THE SCIENCE BEHIND FORTITUDE: Natalie Yelburton, Sienna [Guillory]’s character, is studying cases of spontaneous aborts and hermaphroditism in reindeer. [My character] has gone there to study apex predators—polar bears—so slightly upgrading from badgers in the U.K. He’s studying the effects of perfluorinated compounds, the chemicals and plastics that humans release into the water system that then work there way through bio-magnification into the apex predators. I still remember this! It’s amazing. It’s quite scary and it’s true—they’re seeing instances of cannibalism in polar bears and that’s partly to do with all the ice melting and the climate change and being starving and not being able to use the ice to get to their hunting grounds, but also there are weird things happening with their brains because they are exposed to so many of these chemicals. It’s all art imitating life, really.

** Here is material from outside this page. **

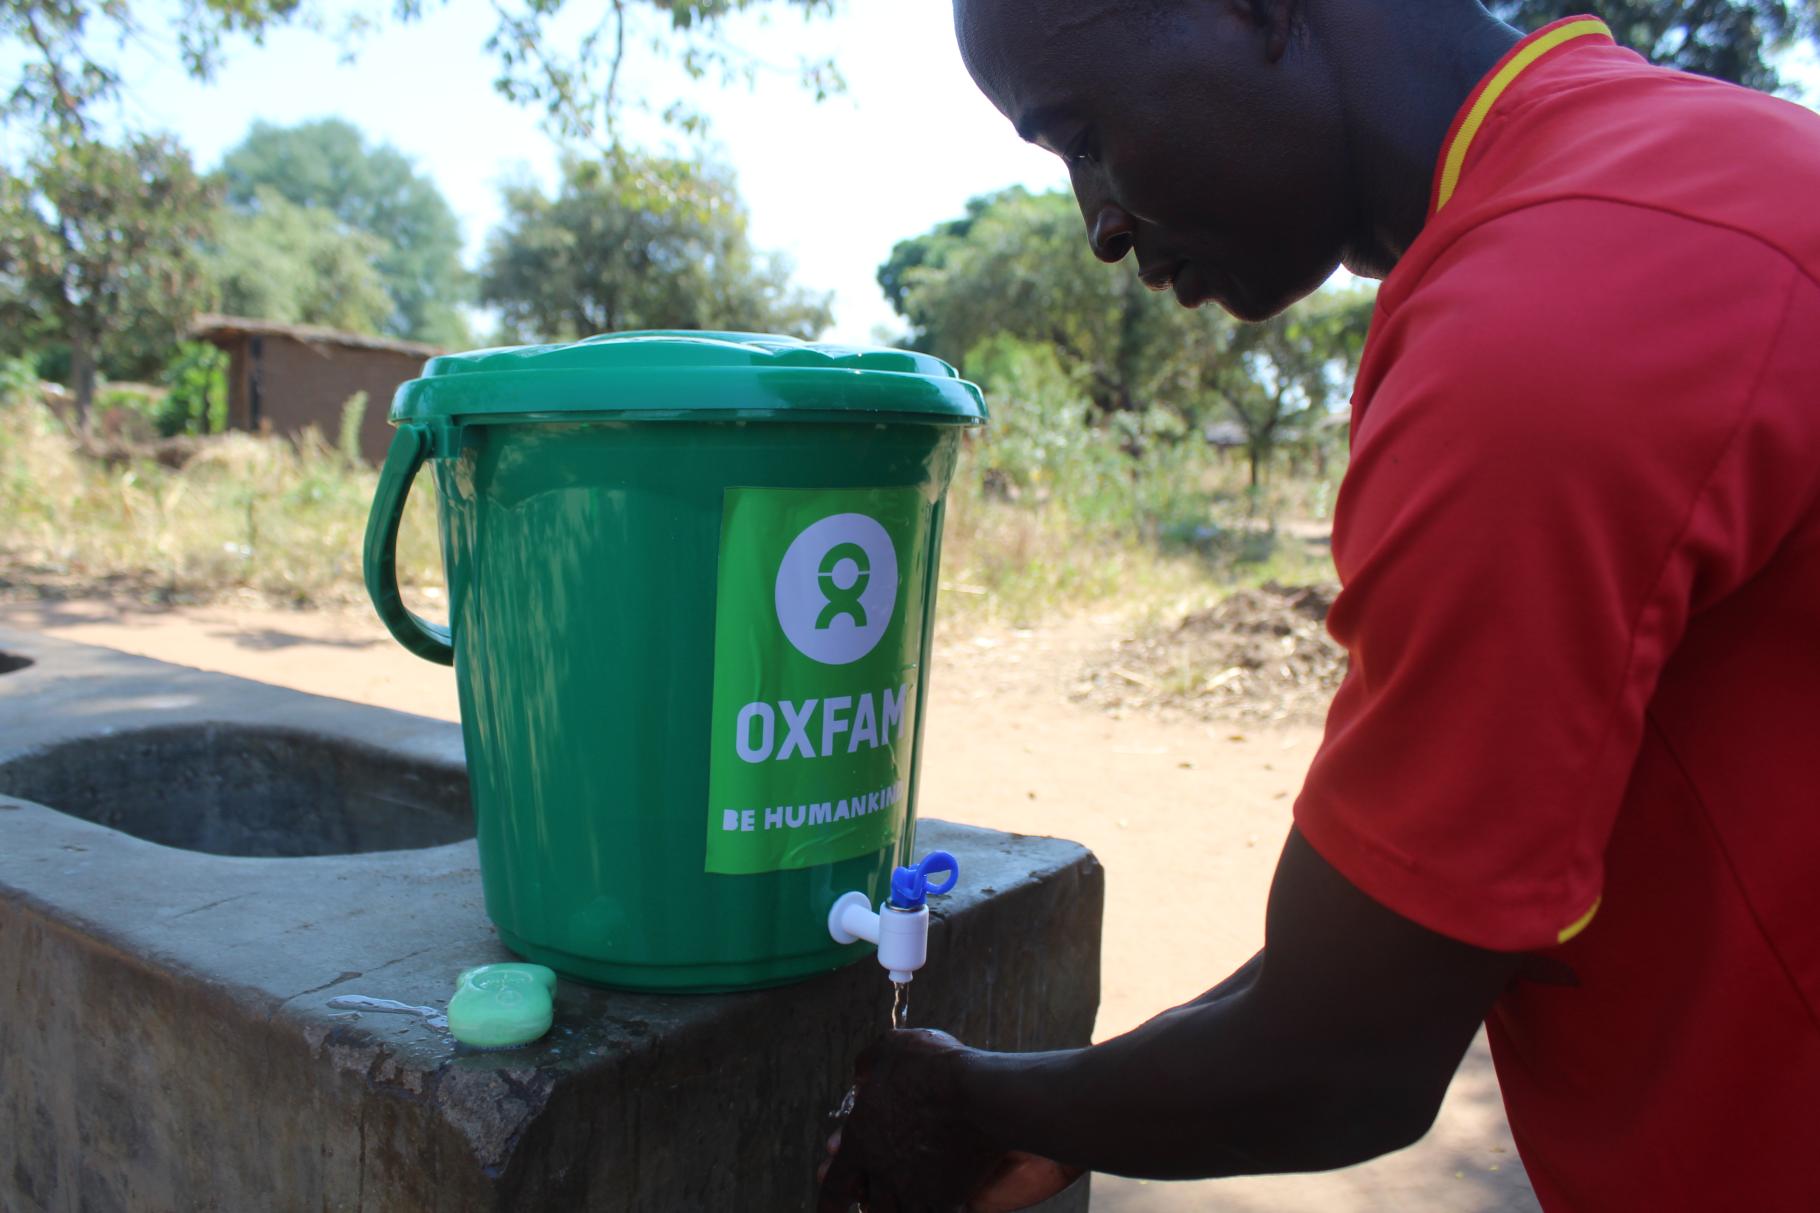 Rexo Chimotokoma aus Malawi demonstriert die Bedienung eines grünen Wassereimers mit Oxfam-Logo drauf.
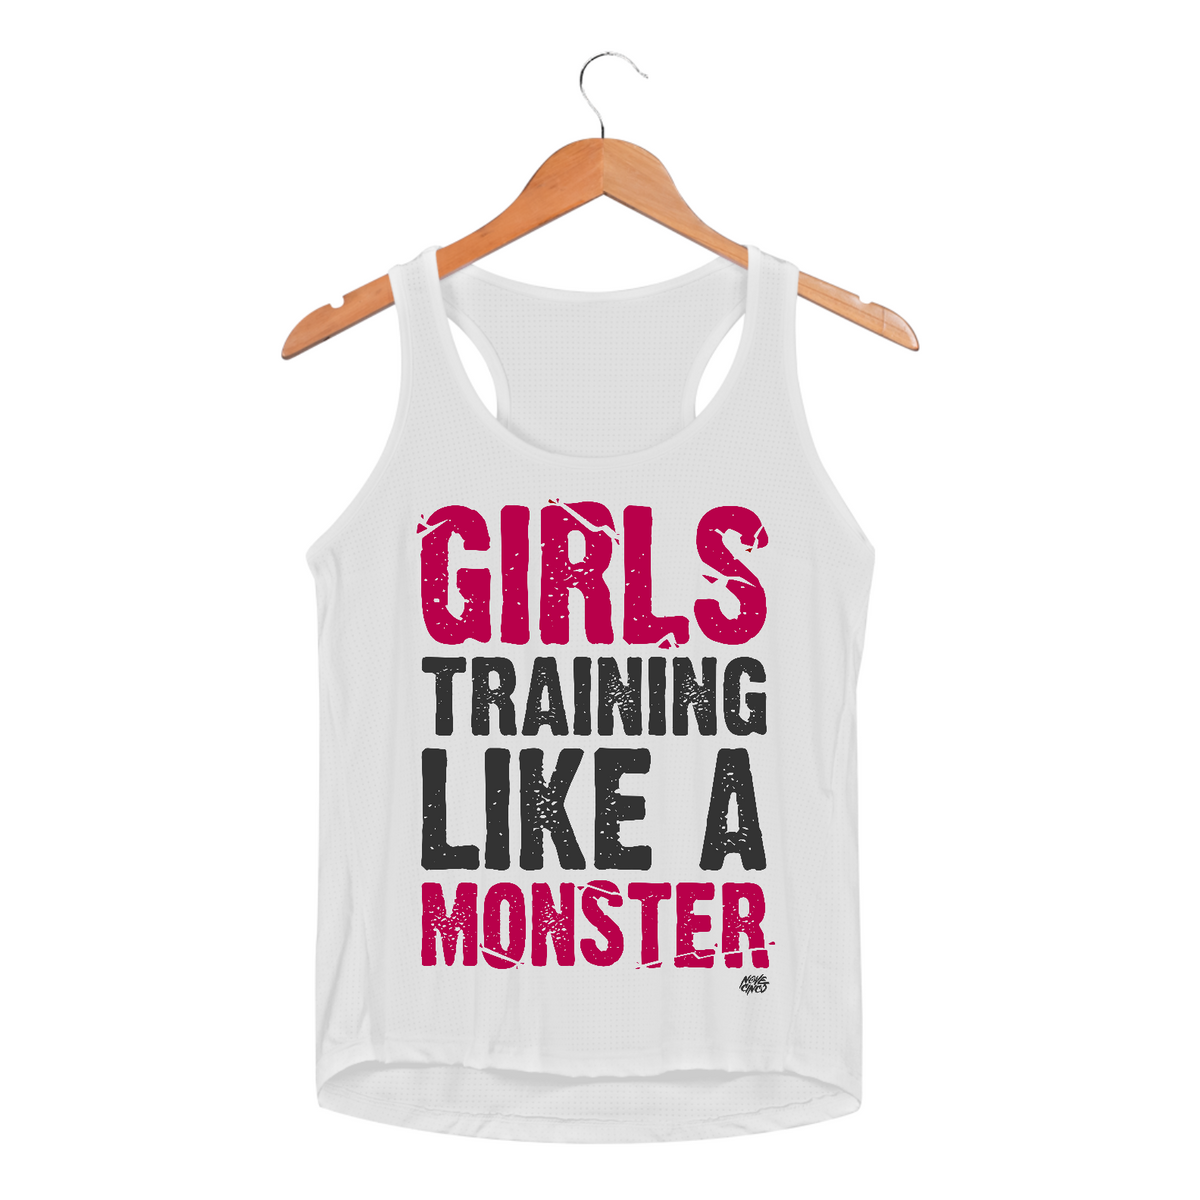 Nome do produto: Girls Training Like a Monster - Fem (Dry Fit)

It’s interesting to read about, but also really sad that we—the big corporations of the world—are saying our profits are worth more than environmental health. I think that’s terribly wrong and we need to stand up to it. A lot of the science in this show is actually pegged on real research. There are elements to the show which are imaginative as well, but a lot of the science in it is very much true.

IF I COULD PLAY ANY OTHER CHARACTER ON FORTITUDE… I would be Nick’s [Nicholas Pinnock] character because he’s a helicopter pilot and he’s been driving boats around and skidoos. I’ve spent far too much time in the lab. I’ve asked them specifically, in Season Two, if I could go onto the glacier and do something on a snowmobile—getting to go on a skidoo, that’s all I want to do!

MOVIES EVERY ACTOR SHOULD SEE: Chinatown, 100 percent. Dancer in the Dark, that’s an amazing film. Raging Bull, Taxi Driver, On the Waterfront. There are some great new films as well: Birdman. The Theory of Everything—that made me cry. I was in bits.

SEASON ONE OF FORTITUDE IS CURRENTLY AIRING EVERY THURSDAY ON PIVOT.